Pat McQuaid has steered the UCI since 2006, but has come under fire for, among other things, the governing body’s reaction to the Lance Armstrong scandal, and its attempt to take control of the investigation from the U.S. Anti-Doping Agency.
The challenger, British Cycling leader Brian Cookson, said it was time to restore “credibility” to cycling, and that he was the man to do it after piloting Great Britain’s program from the financial basement to riches of Olympic medals, thanks to Bradley Wiggins and Chris Hoy.
McQuaid, however, would disagree. In a letter dated June 3, 2013, and sent via e-mail to national cycling federations, McQuaid attacked those looking for change at the sport’s very top, labeling them as “a small group of activists” who would stop at nothing to derail his reelection as UCI president.
“Their agenda is narrow and negative. They have nothing positive or constructive to offer in discussions about cycling’s future. I am grateful to Swiss Cycling for their nomination, as well as to the Board of Cycling Ireland for their endorsement of my nomination, which was only withdrawn for a procedural technicality,” McQuaid wrote. “Second, over the past few weeks, I have received a number of veiled threats whose clear intention has been to try to force me to withdraw my candidacy. You can be sure, however, that I will not be intimidated by people who have no interest in transparent democracy, either now or in the future.”

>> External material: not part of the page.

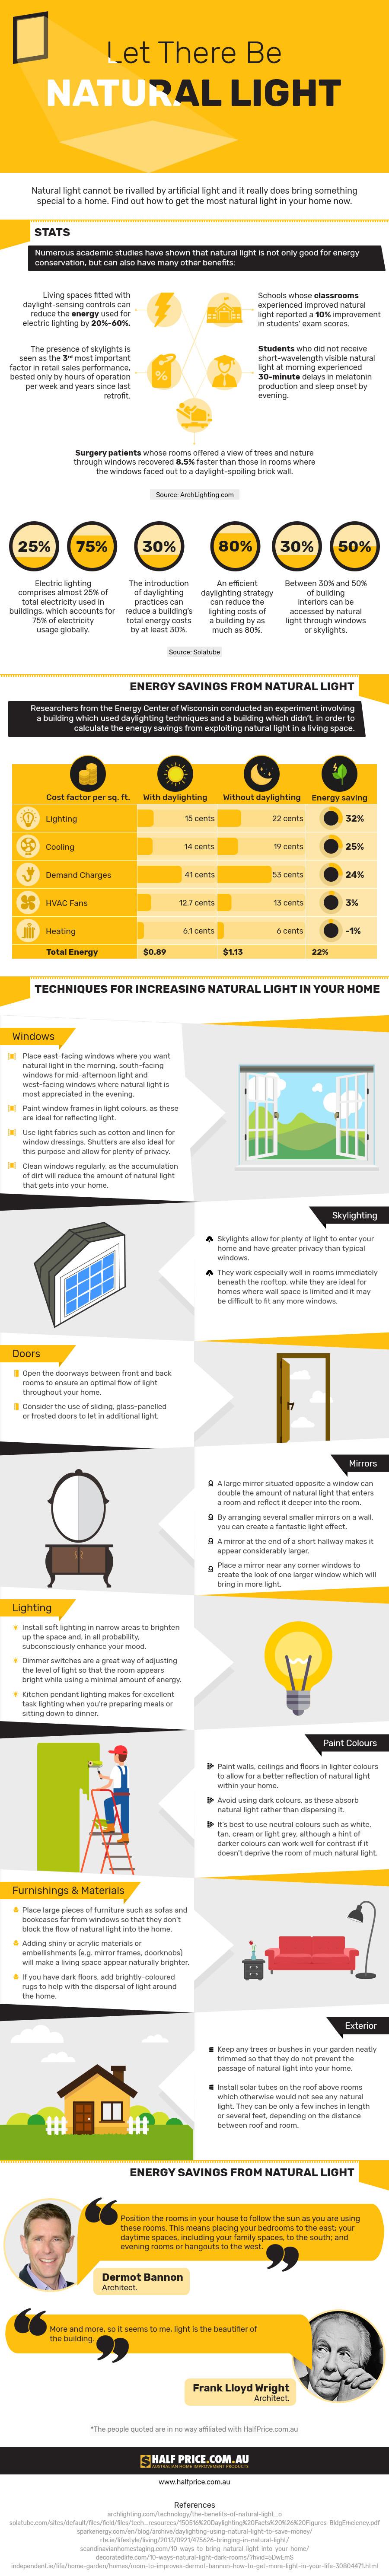 Natural Light Benefits [Infographic]   ecogreenlove
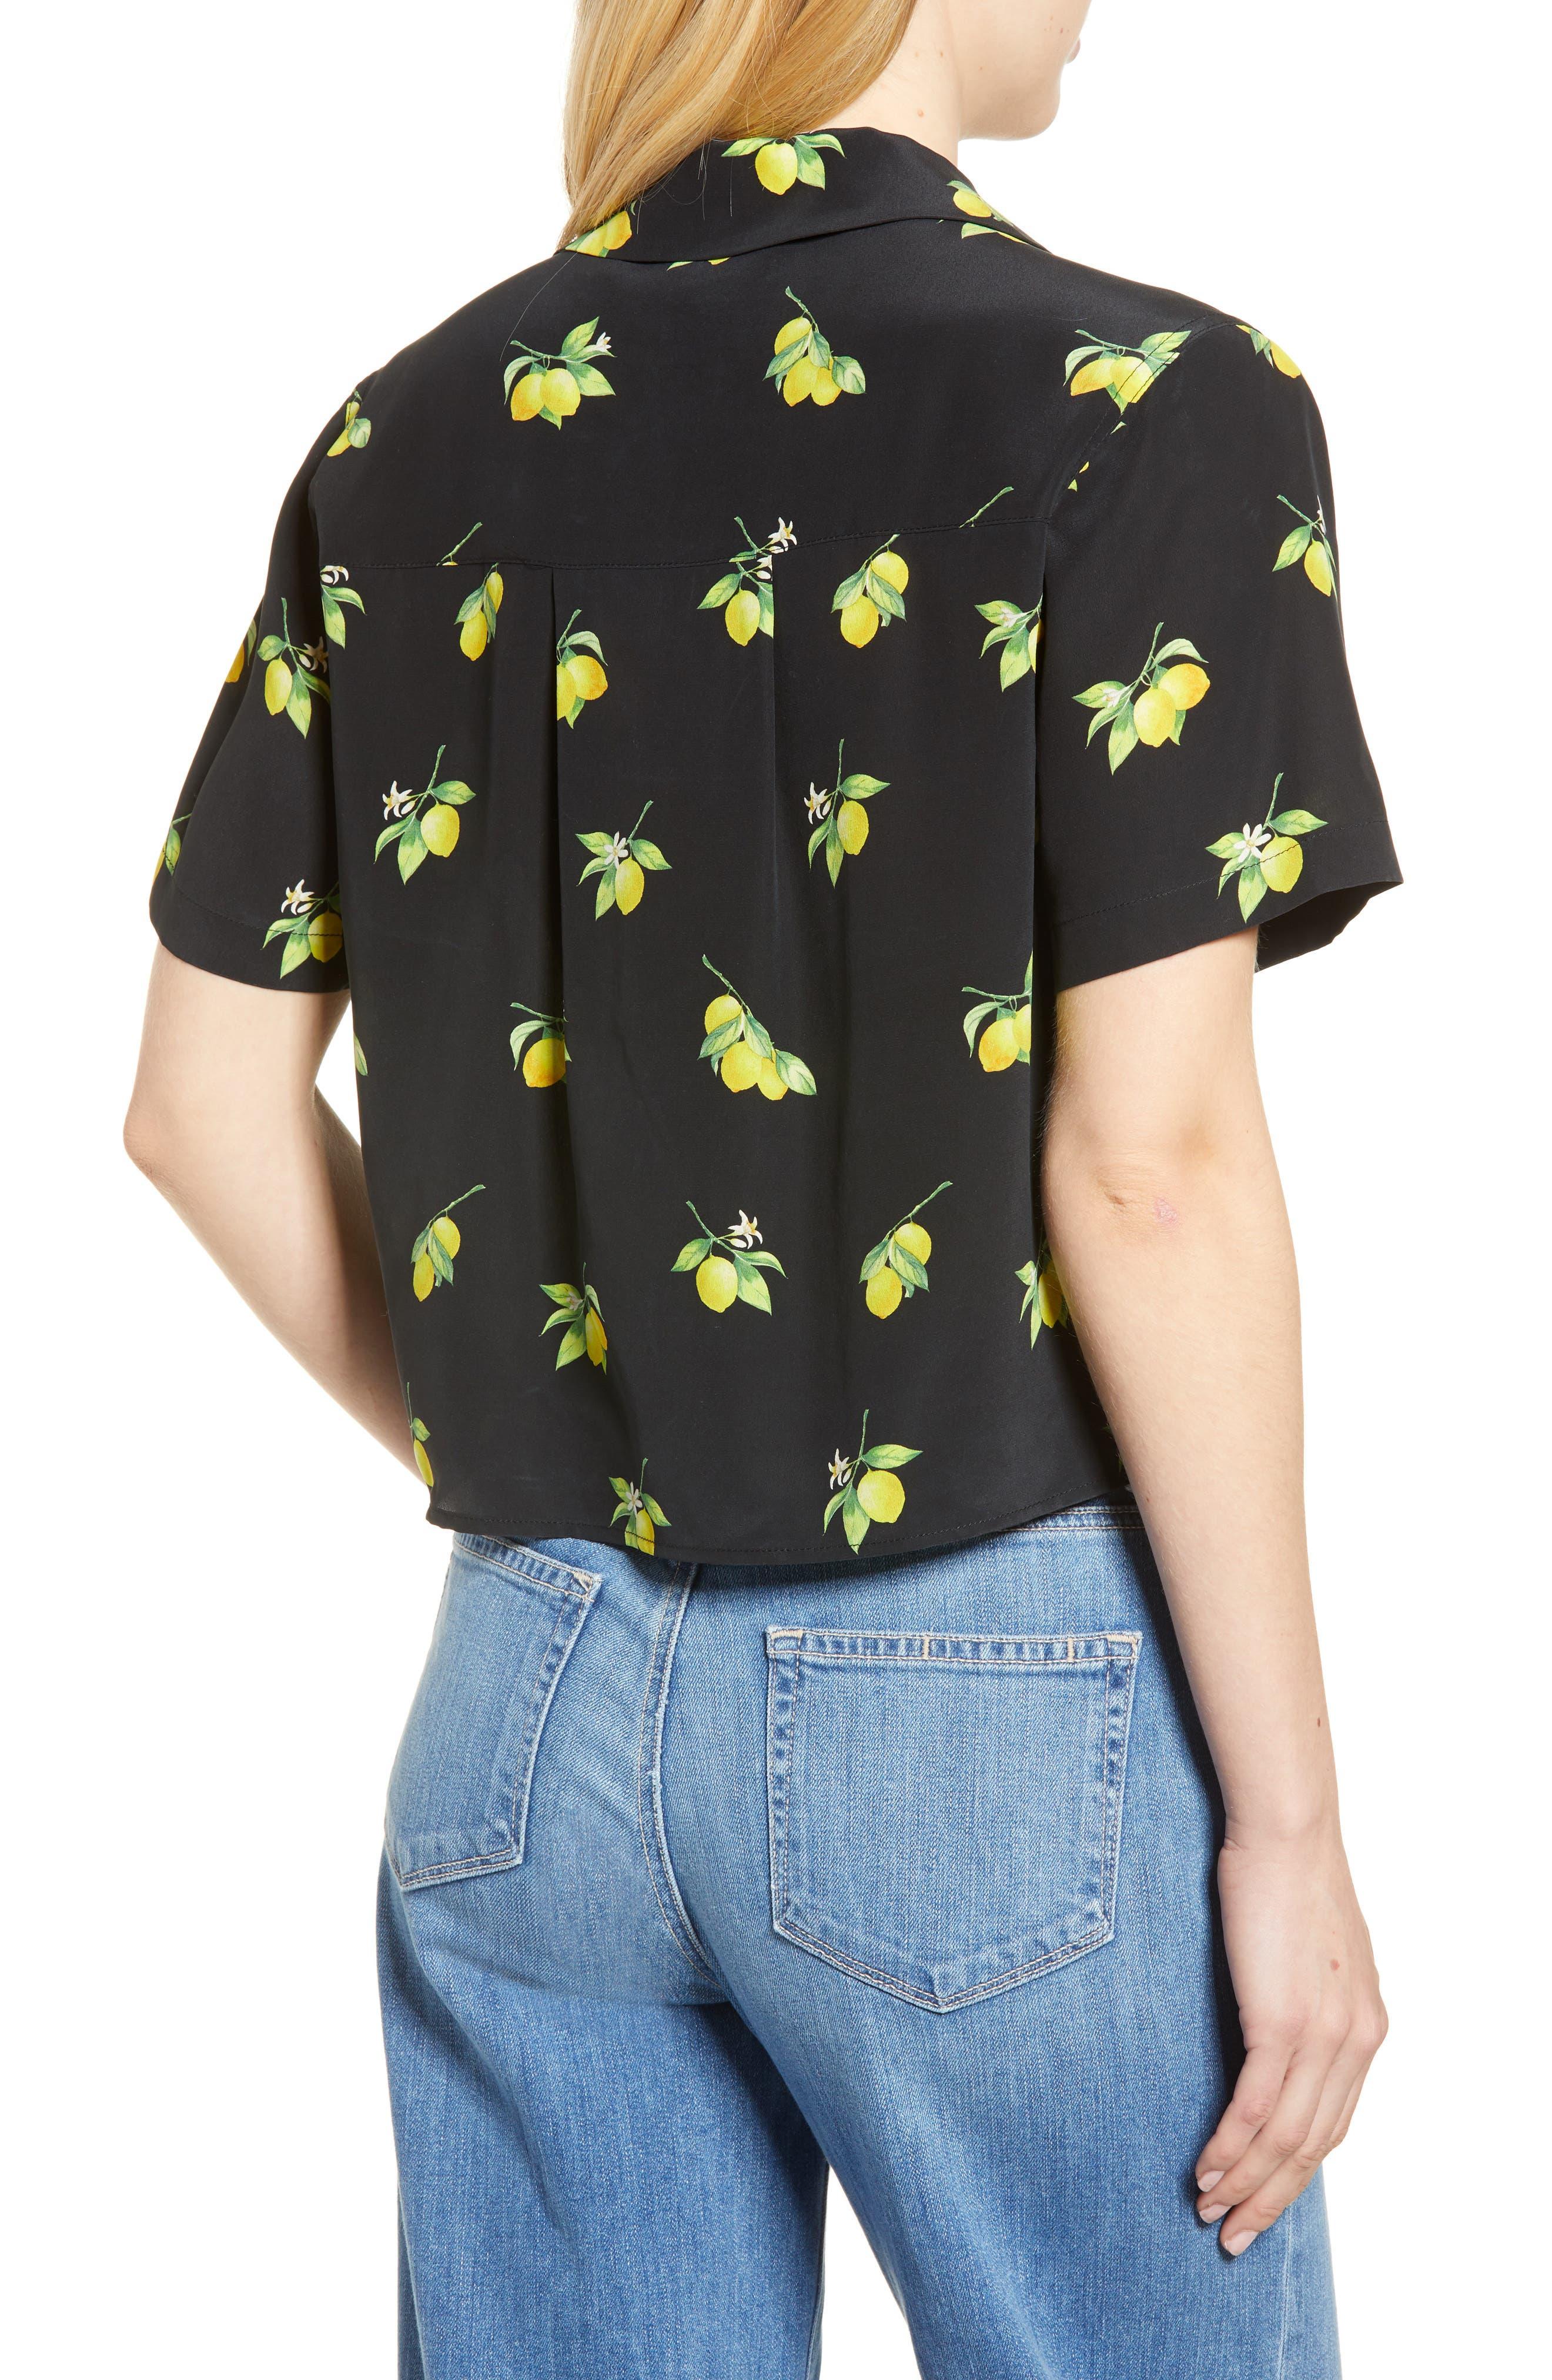 Maui Silk Shirt,                             Alternate thumbnail 2, color,                             001

The letter carried an attacking tenor throughout, and offers a glimpse of the backdoor struggle to maintain power in a sport that is constantly trying to molt its scandalous skin. Australian apparel company Skins, owned by McQuaid critic Jaimie Fuller, published the letter. In it, McQuaid sought to create doubt around the Cookson candidacy through various means.
McQuaid wrote that Cookson’s entrance into the fray would no doubt please those “activists” opposed to his tenure, and also that he found Cookson’s desire to be UCI president “an odd one for a number of different reasons,” notably because Cookson had previously said he would not run for the top UCI post, both in an interview and in a letter to McQuaid himself.
McQuaid’s letter accuses a former UCI Management Committee member of organizing opposition against him and of manipulating cycling-related elections, and even alleges a ProTeam team owner, Katusha’s Igor Makarov, of engaging in “underhanded” activities to prompt a candidate to run for UCI leadership who may not have done so otherwise. McQuaid also expressed concern over a donation made by Makarov’s company to the European Cycling Union prior to elections.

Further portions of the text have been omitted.